Checkout the volume of N-balls [1]. As the number of dimensions in a "sphere" become higher the "volume" of the sphere becomes smaller when you compare it to a hypercube of the same dimensional count. This is another way to saying that as the number of dimensions increases the closer the "halfway" point of the volume of the N-ball gets to the edge of the N-ball.

Programming (and software engineering by extension) involves a lot of orthogonal issues. We can imagine this so be a really high dimensional space. My theory is that whenever you're in situation that can be represented by a high dimensional space you will learn a bit of knowledge and think you know something. Then you'll learn a bit more and discover there's more to learn. The more you learn the farther the horizon moves away. It will feel like you're getting worse. Just like finding out you live in a valley.

What's really happening though is that your increase in skill is allowing you to realize how small your world was all along. Keep learning and trying and you'll get better. It will however, take a while.

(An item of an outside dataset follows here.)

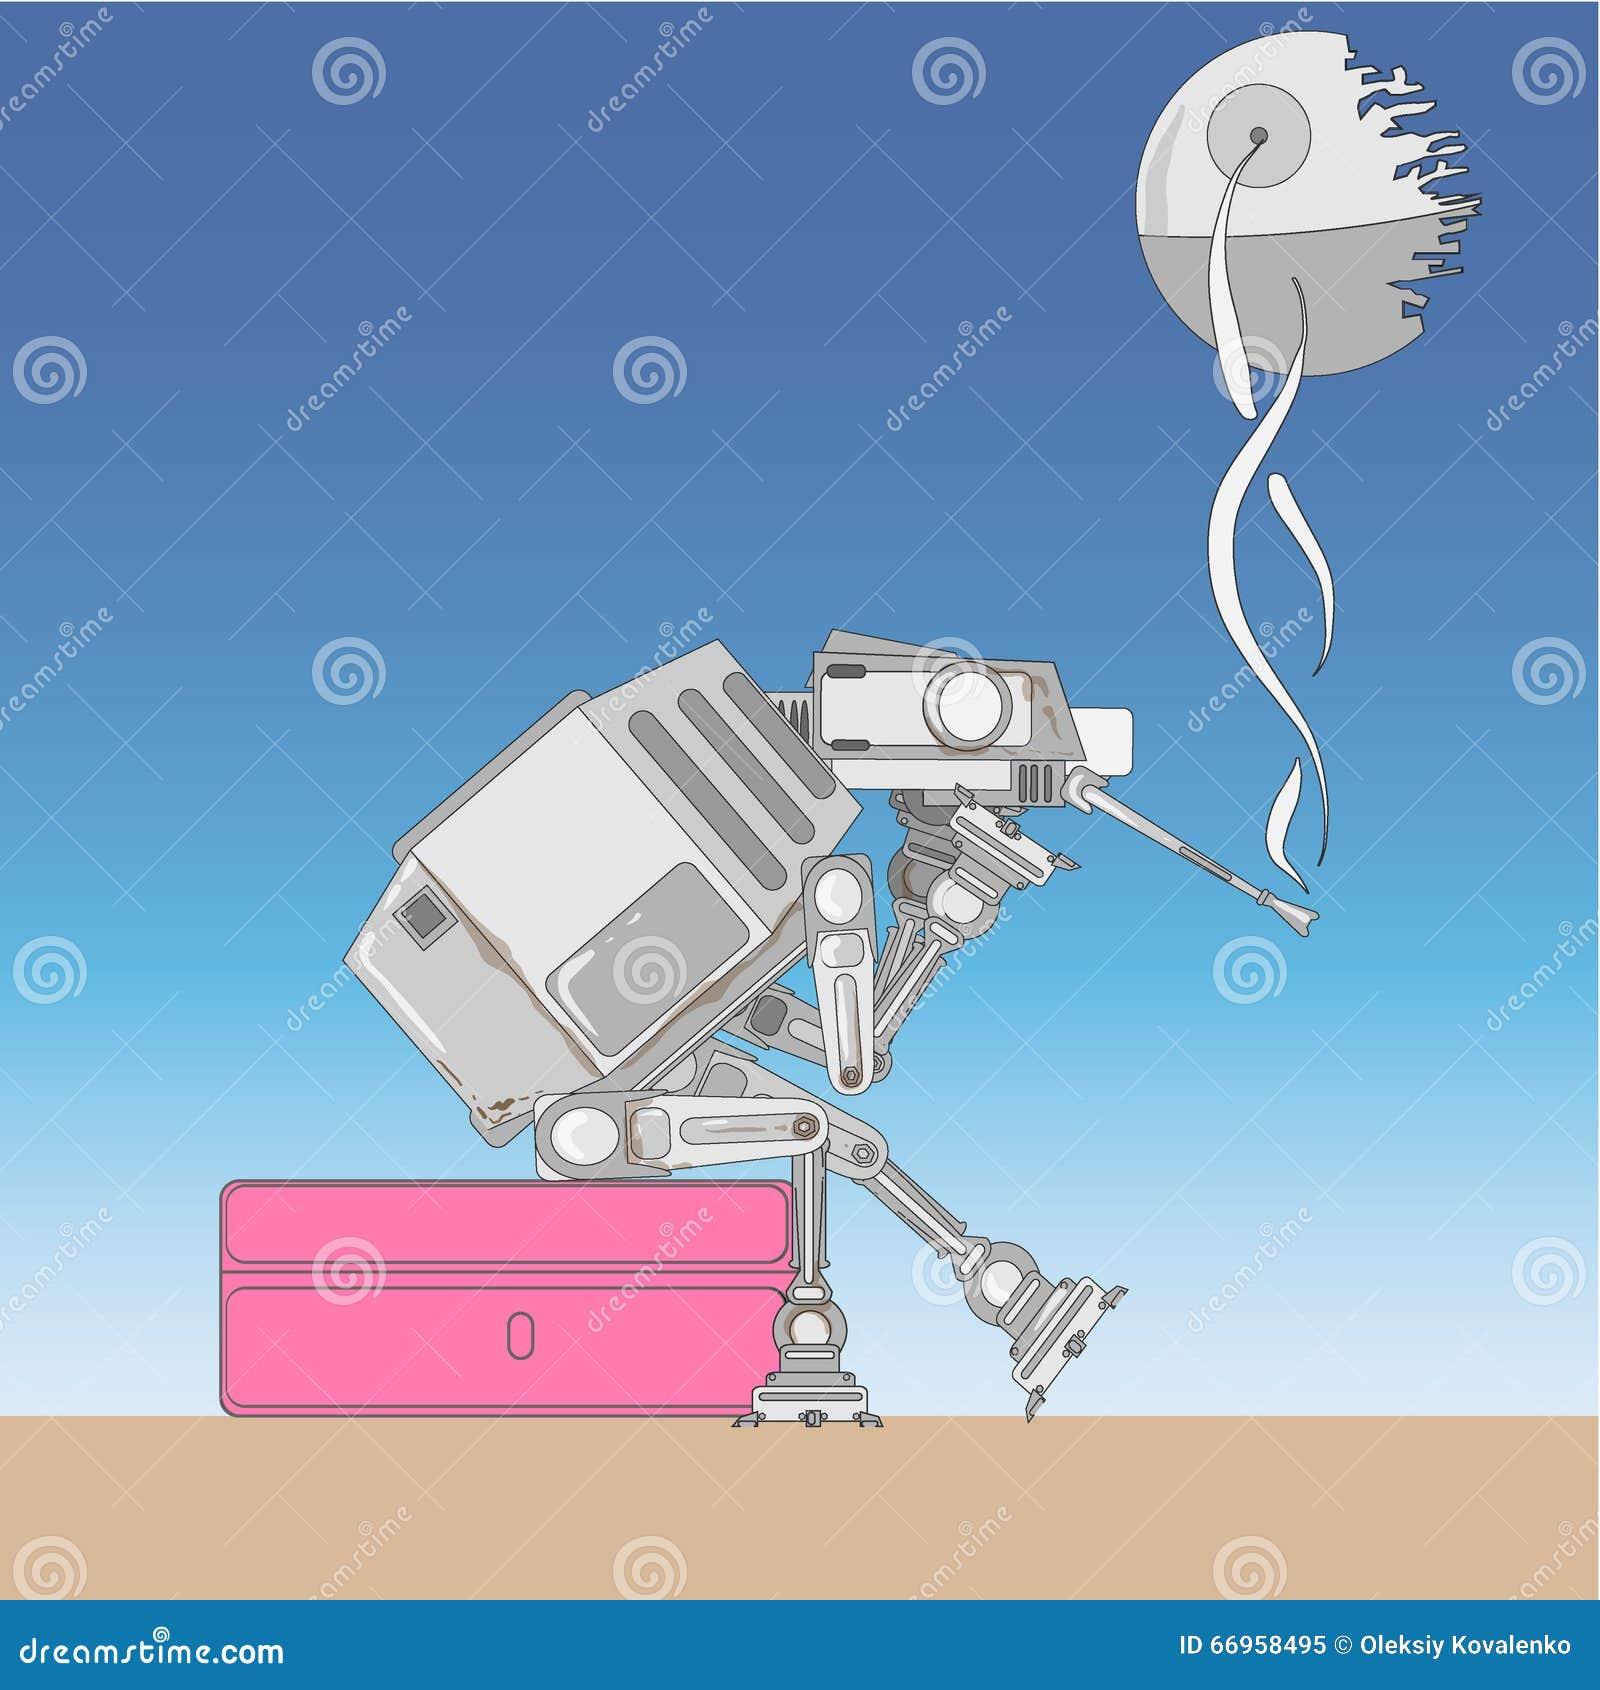 Vehículo inteligente mecanizado armado pesado

[1] - https://en.wikipedia.org/wiki/Volume_of_an_n-ball#Low_dimens...

8 comments

>We can imagine this so be a really high dimensional space. My theory is that whenever you're in situation that can be represented by a high dimensional space you will learn a bit of knowledge and think you know something. Then you'll learn a bit more and discover there's more to learn. The more you learn the farther the horizon moves away. It will feel like you're getting worse.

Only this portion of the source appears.